Would you please copy the part of the material below that opens with the line containing "ASUS PRIME H510M-K" and closes with the line containing "Rolaids таблетки. Antacid"? Copy it exactly, and only it.

-- Supplied material follows --

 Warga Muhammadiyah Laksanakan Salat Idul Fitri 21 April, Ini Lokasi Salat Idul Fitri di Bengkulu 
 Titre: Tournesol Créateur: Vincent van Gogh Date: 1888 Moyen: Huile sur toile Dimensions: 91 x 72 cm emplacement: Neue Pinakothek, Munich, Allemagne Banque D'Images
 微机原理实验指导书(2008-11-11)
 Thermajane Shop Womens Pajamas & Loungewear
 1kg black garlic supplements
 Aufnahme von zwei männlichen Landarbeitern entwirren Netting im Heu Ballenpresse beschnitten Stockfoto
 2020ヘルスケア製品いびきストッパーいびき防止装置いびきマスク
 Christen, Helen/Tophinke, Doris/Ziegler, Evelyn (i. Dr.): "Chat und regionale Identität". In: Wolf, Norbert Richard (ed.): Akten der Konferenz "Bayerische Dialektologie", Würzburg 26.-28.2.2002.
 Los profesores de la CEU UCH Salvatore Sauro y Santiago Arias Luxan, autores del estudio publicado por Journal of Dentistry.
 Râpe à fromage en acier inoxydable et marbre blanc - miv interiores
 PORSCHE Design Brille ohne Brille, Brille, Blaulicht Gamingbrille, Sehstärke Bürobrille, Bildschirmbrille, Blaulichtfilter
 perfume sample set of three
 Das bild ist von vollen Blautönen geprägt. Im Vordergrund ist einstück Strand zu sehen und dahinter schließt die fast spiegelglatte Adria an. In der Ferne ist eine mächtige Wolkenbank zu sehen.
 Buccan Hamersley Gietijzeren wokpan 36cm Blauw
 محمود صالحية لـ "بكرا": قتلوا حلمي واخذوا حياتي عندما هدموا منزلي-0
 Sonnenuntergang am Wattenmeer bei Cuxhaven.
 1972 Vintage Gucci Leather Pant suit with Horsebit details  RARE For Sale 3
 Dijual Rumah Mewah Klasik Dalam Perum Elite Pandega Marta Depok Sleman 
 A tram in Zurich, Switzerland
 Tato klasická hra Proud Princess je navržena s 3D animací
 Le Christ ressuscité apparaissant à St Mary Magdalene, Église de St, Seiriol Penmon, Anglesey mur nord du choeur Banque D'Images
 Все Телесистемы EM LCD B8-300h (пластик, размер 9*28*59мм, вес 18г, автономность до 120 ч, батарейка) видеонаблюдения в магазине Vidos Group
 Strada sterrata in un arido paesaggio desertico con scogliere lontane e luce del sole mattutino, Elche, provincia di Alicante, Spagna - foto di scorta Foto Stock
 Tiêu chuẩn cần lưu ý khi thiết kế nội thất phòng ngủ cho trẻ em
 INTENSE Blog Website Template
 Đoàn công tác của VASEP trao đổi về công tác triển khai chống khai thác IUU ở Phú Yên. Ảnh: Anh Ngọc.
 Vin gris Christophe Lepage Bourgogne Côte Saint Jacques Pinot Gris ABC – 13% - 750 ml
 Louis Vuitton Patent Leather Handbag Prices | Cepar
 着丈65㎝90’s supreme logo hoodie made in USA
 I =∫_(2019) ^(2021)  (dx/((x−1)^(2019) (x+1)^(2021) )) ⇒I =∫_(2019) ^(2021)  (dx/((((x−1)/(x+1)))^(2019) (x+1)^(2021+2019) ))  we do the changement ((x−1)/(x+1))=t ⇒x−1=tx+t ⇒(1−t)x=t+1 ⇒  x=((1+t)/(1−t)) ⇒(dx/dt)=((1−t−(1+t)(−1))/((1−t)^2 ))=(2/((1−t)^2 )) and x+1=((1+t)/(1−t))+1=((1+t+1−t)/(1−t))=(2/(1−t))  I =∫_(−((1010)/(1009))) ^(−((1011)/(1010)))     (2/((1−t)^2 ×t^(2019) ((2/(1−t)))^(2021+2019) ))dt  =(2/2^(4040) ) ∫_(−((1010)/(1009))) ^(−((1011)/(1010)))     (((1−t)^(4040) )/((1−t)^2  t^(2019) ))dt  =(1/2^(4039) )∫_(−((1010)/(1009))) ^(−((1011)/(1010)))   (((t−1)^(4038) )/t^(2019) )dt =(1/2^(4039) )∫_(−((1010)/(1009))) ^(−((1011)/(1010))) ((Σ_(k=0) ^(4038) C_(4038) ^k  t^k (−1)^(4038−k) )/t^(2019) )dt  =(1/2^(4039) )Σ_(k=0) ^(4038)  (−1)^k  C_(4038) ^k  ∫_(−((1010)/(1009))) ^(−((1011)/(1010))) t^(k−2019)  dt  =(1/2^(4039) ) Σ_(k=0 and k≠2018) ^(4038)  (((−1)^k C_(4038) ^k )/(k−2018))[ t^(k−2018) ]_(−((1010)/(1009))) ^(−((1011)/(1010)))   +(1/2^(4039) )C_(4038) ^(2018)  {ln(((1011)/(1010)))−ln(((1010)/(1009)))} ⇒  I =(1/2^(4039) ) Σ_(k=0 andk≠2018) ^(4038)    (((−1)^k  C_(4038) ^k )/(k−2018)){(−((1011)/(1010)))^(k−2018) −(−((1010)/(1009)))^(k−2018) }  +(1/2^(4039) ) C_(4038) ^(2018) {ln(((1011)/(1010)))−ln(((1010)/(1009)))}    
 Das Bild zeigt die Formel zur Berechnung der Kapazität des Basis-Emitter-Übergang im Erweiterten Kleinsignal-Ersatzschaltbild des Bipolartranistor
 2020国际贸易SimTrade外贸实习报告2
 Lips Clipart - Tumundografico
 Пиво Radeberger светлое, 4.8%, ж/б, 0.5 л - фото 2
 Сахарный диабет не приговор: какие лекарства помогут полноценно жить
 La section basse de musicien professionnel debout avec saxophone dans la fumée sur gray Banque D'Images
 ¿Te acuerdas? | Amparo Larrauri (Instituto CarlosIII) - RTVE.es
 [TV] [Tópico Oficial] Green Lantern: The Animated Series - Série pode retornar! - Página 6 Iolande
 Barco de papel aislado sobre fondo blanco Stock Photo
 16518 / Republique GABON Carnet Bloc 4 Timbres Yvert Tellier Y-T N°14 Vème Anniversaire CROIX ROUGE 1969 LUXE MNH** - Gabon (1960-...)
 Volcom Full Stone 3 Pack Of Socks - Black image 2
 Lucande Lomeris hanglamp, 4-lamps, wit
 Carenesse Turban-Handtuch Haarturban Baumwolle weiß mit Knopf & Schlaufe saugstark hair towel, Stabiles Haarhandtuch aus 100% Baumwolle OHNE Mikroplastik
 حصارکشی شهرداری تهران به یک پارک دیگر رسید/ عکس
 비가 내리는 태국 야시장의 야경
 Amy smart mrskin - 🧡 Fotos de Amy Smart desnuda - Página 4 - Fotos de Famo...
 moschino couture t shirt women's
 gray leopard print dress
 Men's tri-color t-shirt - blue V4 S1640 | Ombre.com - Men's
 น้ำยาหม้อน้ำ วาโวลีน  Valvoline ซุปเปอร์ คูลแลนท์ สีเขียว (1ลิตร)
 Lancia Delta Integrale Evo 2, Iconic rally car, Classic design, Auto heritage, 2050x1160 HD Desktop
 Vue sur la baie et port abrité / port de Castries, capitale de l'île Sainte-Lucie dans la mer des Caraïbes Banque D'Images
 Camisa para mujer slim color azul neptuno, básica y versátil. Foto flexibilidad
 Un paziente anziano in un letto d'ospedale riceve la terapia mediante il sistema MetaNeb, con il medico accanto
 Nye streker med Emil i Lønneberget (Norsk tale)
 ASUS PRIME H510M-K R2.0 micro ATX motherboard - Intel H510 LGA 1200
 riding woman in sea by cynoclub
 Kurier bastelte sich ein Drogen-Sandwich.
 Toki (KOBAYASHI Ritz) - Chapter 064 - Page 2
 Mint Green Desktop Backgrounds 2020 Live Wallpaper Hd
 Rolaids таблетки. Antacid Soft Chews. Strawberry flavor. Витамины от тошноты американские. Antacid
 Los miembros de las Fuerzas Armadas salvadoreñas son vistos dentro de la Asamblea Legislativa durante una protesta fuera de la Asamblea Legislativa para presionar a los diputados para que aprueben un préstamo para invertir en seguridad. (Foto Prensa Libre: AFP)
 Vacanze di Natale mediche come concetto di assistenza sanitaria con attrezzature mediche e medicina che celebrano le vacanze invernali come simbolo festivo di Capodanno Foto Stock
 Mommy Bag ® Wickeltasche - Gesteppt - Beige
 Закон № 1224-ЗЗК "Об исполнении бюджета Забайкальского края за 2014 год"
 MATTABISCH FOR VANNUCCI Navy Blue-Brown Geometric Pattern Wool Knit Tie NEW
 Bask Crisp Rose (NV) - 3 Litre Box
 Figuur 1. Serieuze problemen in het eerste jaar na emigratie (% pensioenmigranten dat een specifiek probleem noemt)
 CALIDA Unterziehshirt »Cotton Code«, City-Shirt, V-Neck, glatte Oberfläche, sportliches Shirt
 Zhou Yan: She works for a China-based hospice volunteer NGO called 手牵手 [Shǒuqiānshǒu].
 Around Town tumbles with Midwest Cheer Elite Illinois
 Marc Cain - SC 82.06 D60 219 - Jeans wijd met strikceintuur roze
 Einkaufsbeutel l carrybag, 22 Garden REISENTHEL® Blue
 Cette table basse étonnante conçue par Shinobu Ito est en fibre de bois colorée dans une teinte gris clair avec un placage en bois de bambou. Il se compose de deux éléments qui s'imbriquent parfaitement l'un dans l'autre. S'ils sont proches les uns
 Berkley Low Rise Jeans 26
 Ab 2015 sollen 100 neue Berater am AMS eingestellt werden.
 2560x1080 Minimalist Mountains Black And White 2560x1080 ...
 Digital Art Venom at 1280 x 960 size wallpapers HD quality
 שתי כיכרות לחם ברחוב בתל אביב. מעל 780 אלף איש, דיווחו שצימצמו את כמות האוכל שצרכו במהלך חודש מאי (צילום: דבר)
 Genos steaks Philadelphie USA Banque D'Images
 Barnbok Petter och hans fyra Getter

-- Supplied material concluded --

### Your solution
 ASUS PRIME H510M-K R2.0 micro ATX motherboard - Intel H510 LGA 1200
 riding woman in sea by cynoclub
 Kurier bastelte sich ein Drogen-Sandwich.
 Toki (KOBAYASHI Ritz) - Chapter 064 - Page 2
 Mint Green Desktop Backgrounds 2020 Live Wallpaper Hd
 Rolaids таблетки. Antacid Soft Chews. Strawberry flavor. Витамины от тошноты американские. Antacid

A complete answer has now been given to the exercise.